That’s what I’m going for here.
Complete and total honesty without holding back.
Yesterday was really hard. I stood on the scale and it still had the same two starting digits 1 5. Now yes, instead of an 8 at the end it had a 1. But after an entire month of bringing my own meals, watching people eat whatever they wanted, whenever they wanted it and trying to stay positive and notice that I was feeling thinner, all I had lost was 7 pounds.
Sunday was my dads birthday and we all went tubing together. The morning started off with an apple. We got in the car and my sister started passing out Strawberry Shortcake Ice Cream Bars.
I declined the one she had bought for me because obviously delicious ice cream bars were not on my list of acceptable foods to eat. The rafting was a lot of fun, everyone was drinking beer and floating along. I did not drink the beer but I had a great time.
After rafting and spending 4 hours in the sun everyone was burnt and hungry and ready to eat. Since it was my dads birthday it was his choice of restaurant. He decided on a pizza place downtown and we piled in the car and went. There was beer, vodka, red bull, hot wings, and pizza. It all smelled delicious. I ordered myself a club soda, a salad with some grilled chicken and the dressing on the side. I was starving after only having an apple so I did cheat and have 3 chicken wings. I did not however have any pizza or booze.
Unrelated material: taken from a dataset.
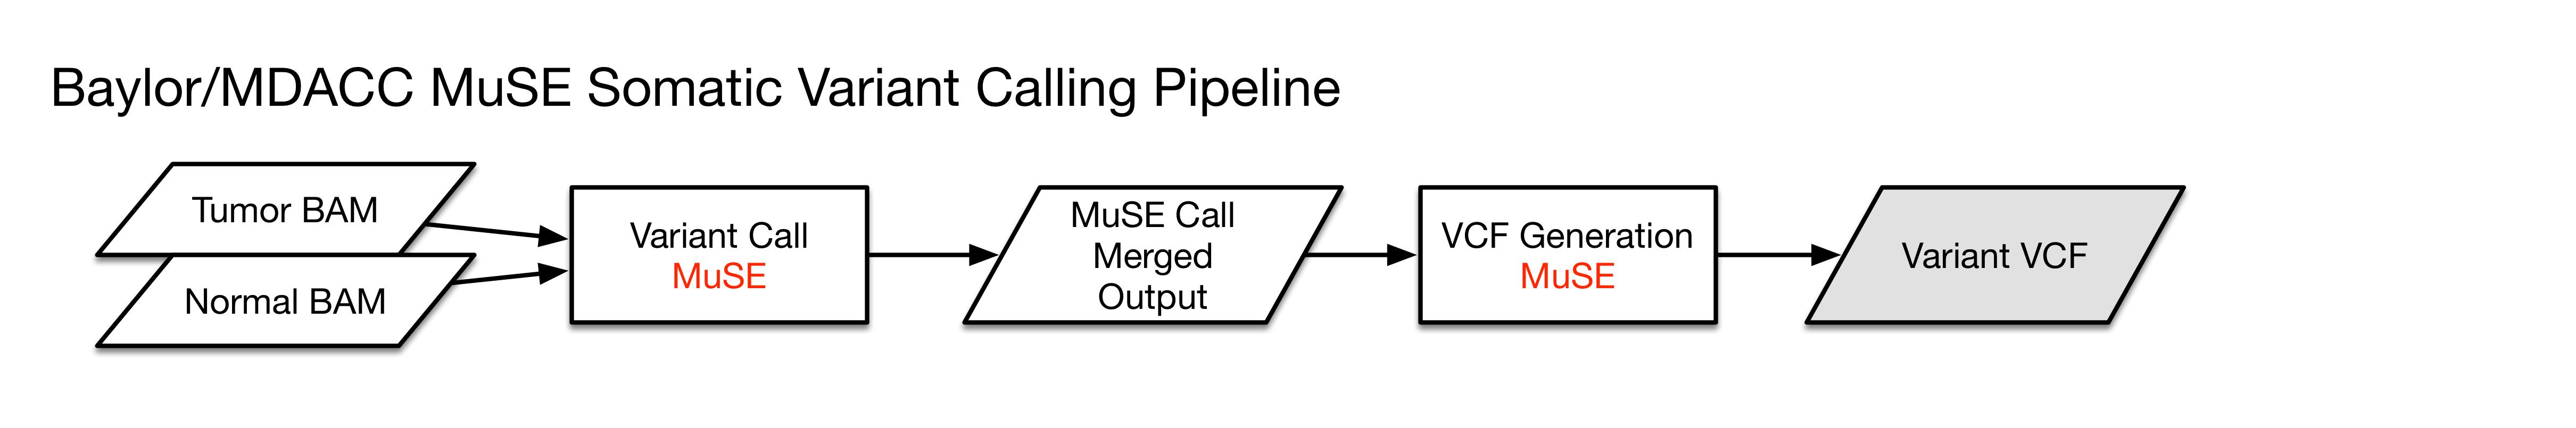 Bioinformatics Pipeline: DNA-Seq Analysis - GDC Docs

Monday morning I woke up very sad. I had a night full of depressing dreams and tossing and turning. I did not want to stand on the scale. I had all sorts of uplifting texts from my mom, curious as to how much weight I’d lost and telling me not to be worried, she knew I’d be pleasantly surprised.
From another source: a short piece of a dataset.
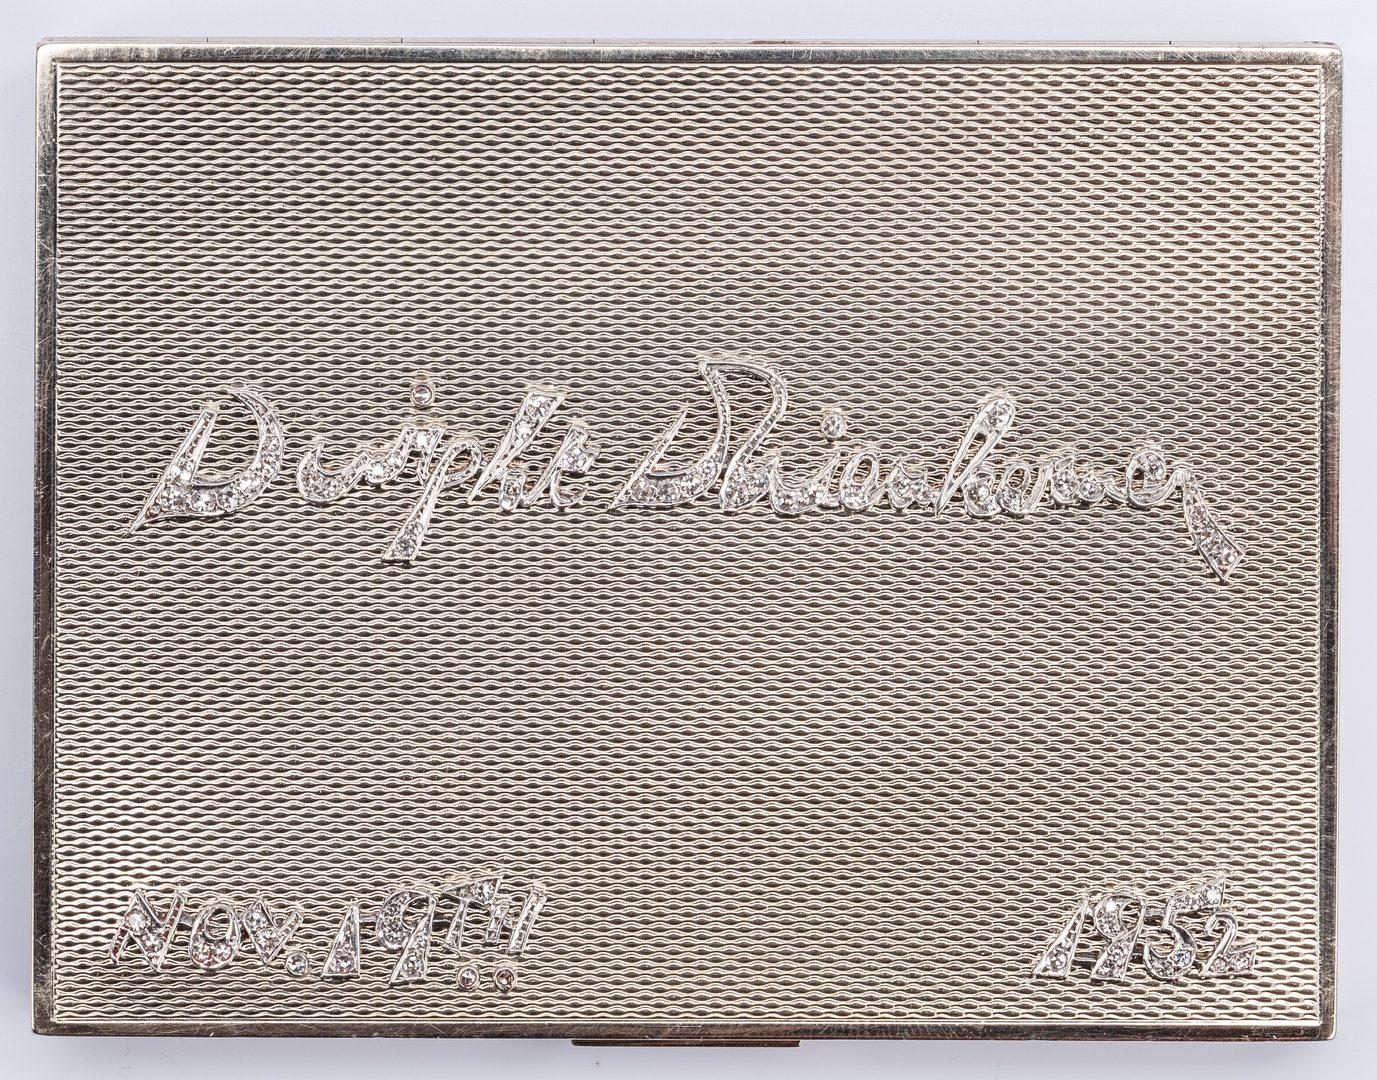 Lot 47: 14K Plat. Dwight Eisenhower Presentation Gift

151.2. If I wasn’t on the phone with my mom at the time I would have started crying right then. We hung up and I lost it. I cried all morning. I curled up and went back to sleep, woke up and cried some more. I cried and slept and cried until two in the afternoon. I decided that was enough feeling sorry for myself and it was time to get up and be productive. When Kenny got home I was still puffy eyed, and he just hugged me for awhile and told me I was beautiful.
I know that 7 pounds is still a significant amount. But I had spent a month telling myself that I would step on the scale and see 1 4… something. Even 149 would have been okay, I just did not want to see 1 5 anymore. I had spent the entire month always a little hungry, never really full. I had also cut out all sorts of unhealthy beverages, not just alcohol but also diet soda, sweet tea, energy drinks, etc. All I drank was coffee, water, and unsweetened tea. Basically, I was just extremely disappointed. So I went out and ate some chips and salsa and had a King Size Take 5 and told myself that tomorrow was a new day.
So here is to the new month and to continuing this journey. I had to remind myself that this isn’t a diet plan. This isn’t something I get to stop doing once I’ve reached my goal. This is a lifestyle change. I remember when I used to think I could never give up regular soda. I drank Mountain Dew like there was no tomorrow and I would never give it up. When I switched to diet I thought I would never like it, I would always want the regular stuff. I gave up diet soda too and now I don’t drink any of it, or want any of it. I had a sip of a regular Mountain Dew on Sunday and it was disgusting. It tasted like syrup with added sugar. I honestly don’t know how I ever drank the stuff. Eventually I think I’ll feel the same way about unhealthy shit food, such as; McDonald’s, Wendy’s, Papa Johns Pizza with Garlic Butter, etc. I am not throwing in the towel or giving up. If I lose 7 pounds a month I will be at my goal weight in 4-6 months. I intend to add a little more exercise to my routine, and not weigh myself again until October. I’m still looking up and still feeling positive.
As for the end of my day yesterday, I apologized to Kenny for being so upset and miserable all day and that I knew it was a little ridiculous and he responded, “Yeah, I’ve never seen someone so upset about being so sexy!”